Power station shelved as demand drops
Power station shelved as demand drops

Plummeting demand for electricity has pushed back the need for a new major power station for Perth and the South West until next decade, the head of the newly merged Synergy has revealed.

Synergy chief executive Jason Waters said that under the latest revision of the South West grid's "road map", a base-load power station was not expected to be required until as late as 2023.

The comments from the boss of the State-owned utility, the dominant electricity generator and retailer in the South West network, reinforces the view of many observers that there is excess supply in the market.

Power bosses are grappling with the issue of over-capacity, which has been caused by falling demand on the back of rocketing prices, unrealised demand from major projects not coming on stream, more efficient appliances and rampant demand for rooftop solar panels.

The State Government has estimated there is currently about 900MW of excess capacity in the South West grid, costing energy consumers hundreds of millions of dollars a year.

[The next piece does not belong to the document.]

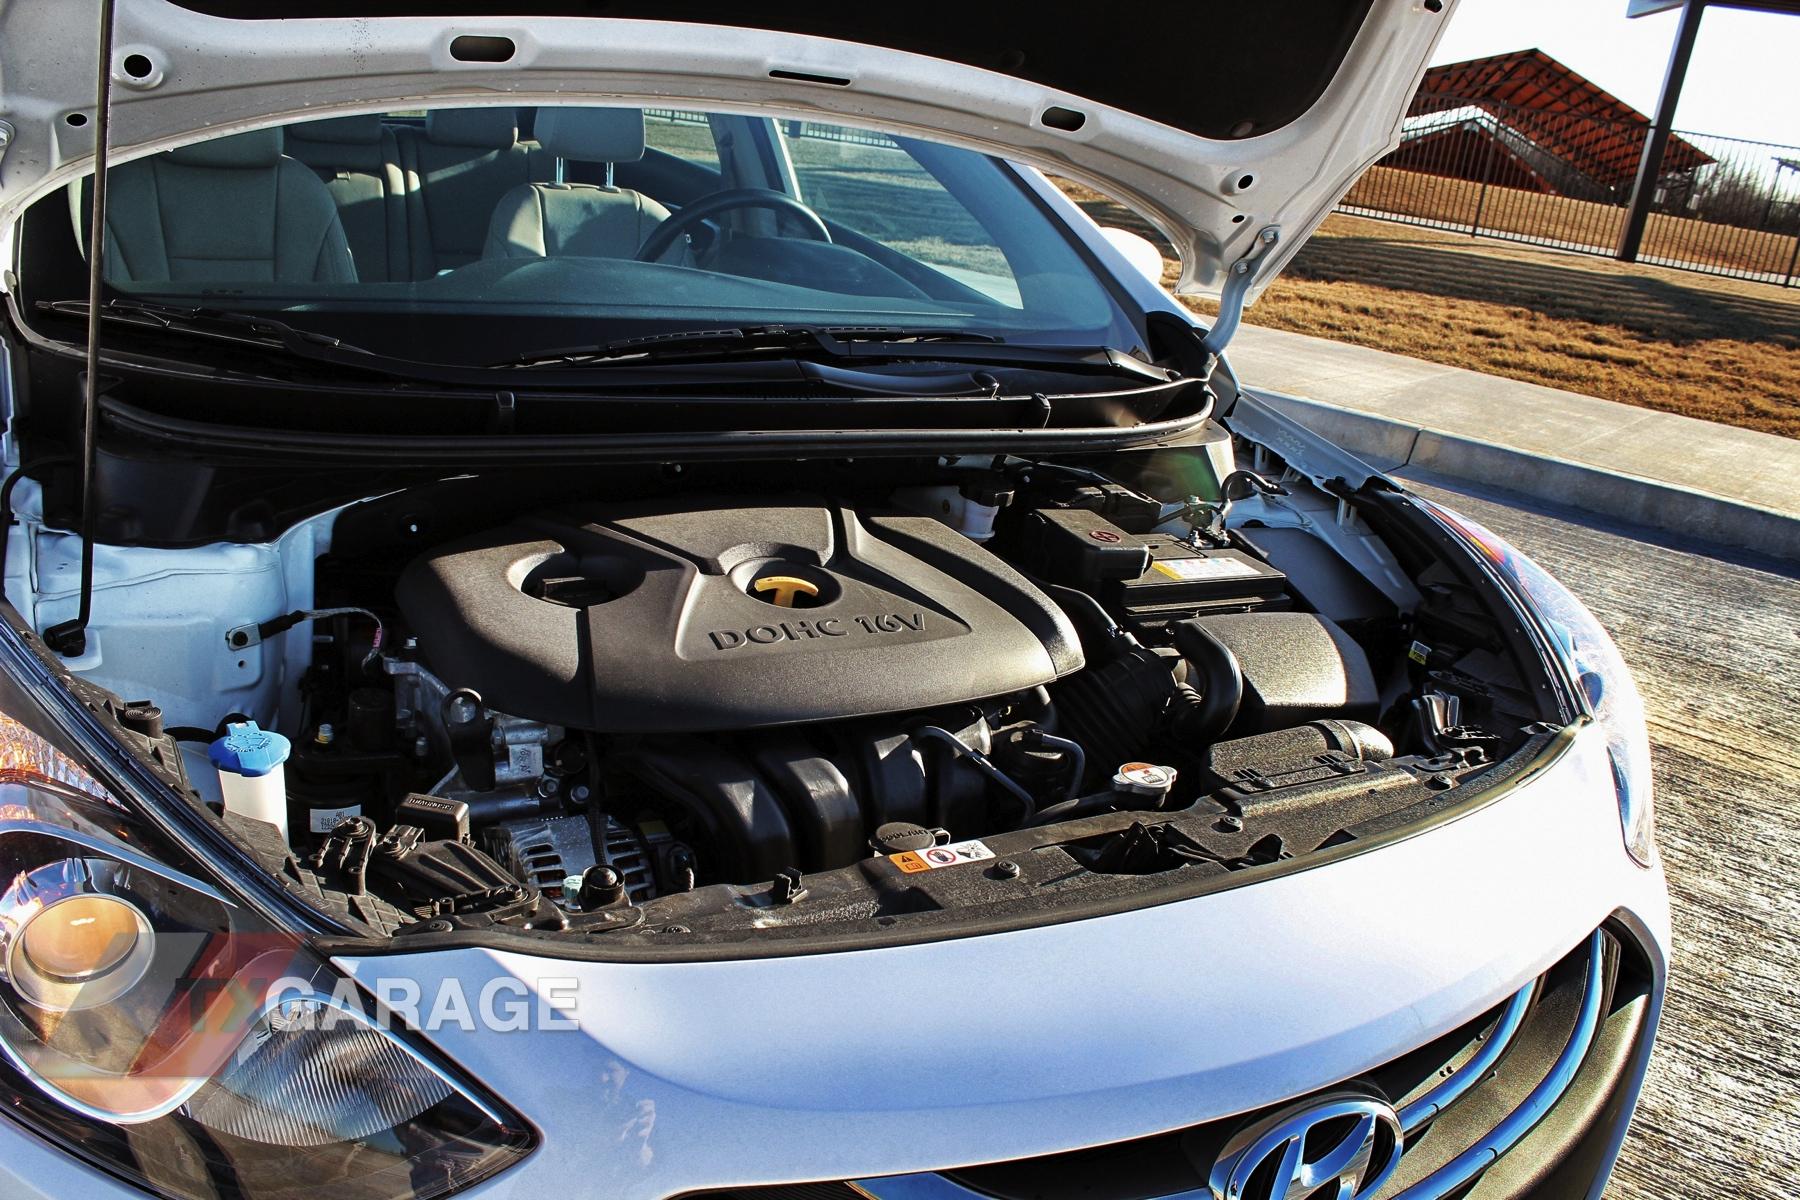 2013 Hyundai Elantra Gt 047 Txgarage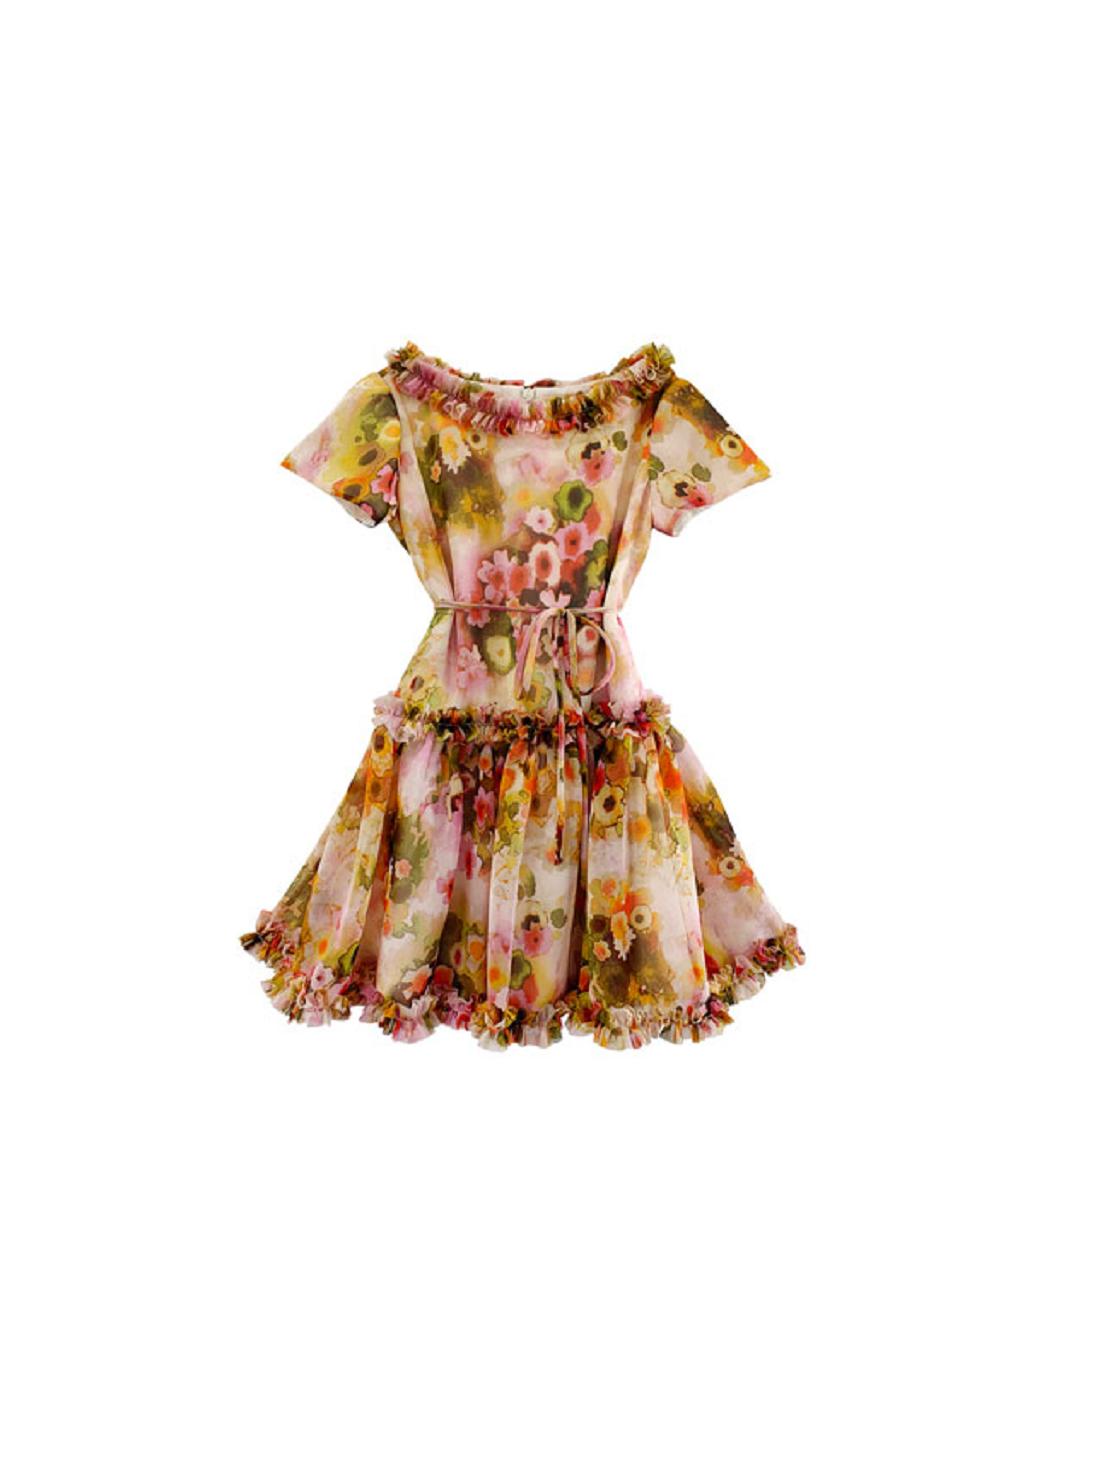 Wholesale Floral Printed Chiffon Dresses

Mr Waters, the head of generator Verve before becoming boss of the merged Synergy, said the situation had seen a significant "slippage" in planning for a new coal or gas-fired power station.

"We have seen a substantial shift in what we see as the asset investment pathway or road map," Mr Waters said.

"There was a period only three or four years ago during which we saw the need for a new base-load power station on the system for around 2017-18. By base-load I mean a big 300MW or 400MW coal or gas-fired plant that is built to run all the time.

"The latest indications based on the current load forecast for the system is the planned date has been moved out to 2022-23.

"There has been a six-year slippage or stretching of the road map on the basis of reduced demand and on other things."

Mr Waters noted the lag in the need for a new power station came despite the impending retirement of Kwinana C, the 400MW power station that is due to be closed next year.

The market would return closer to balance "within a year of so" of the closure of Kwinana C, when excess capacity was soaked up.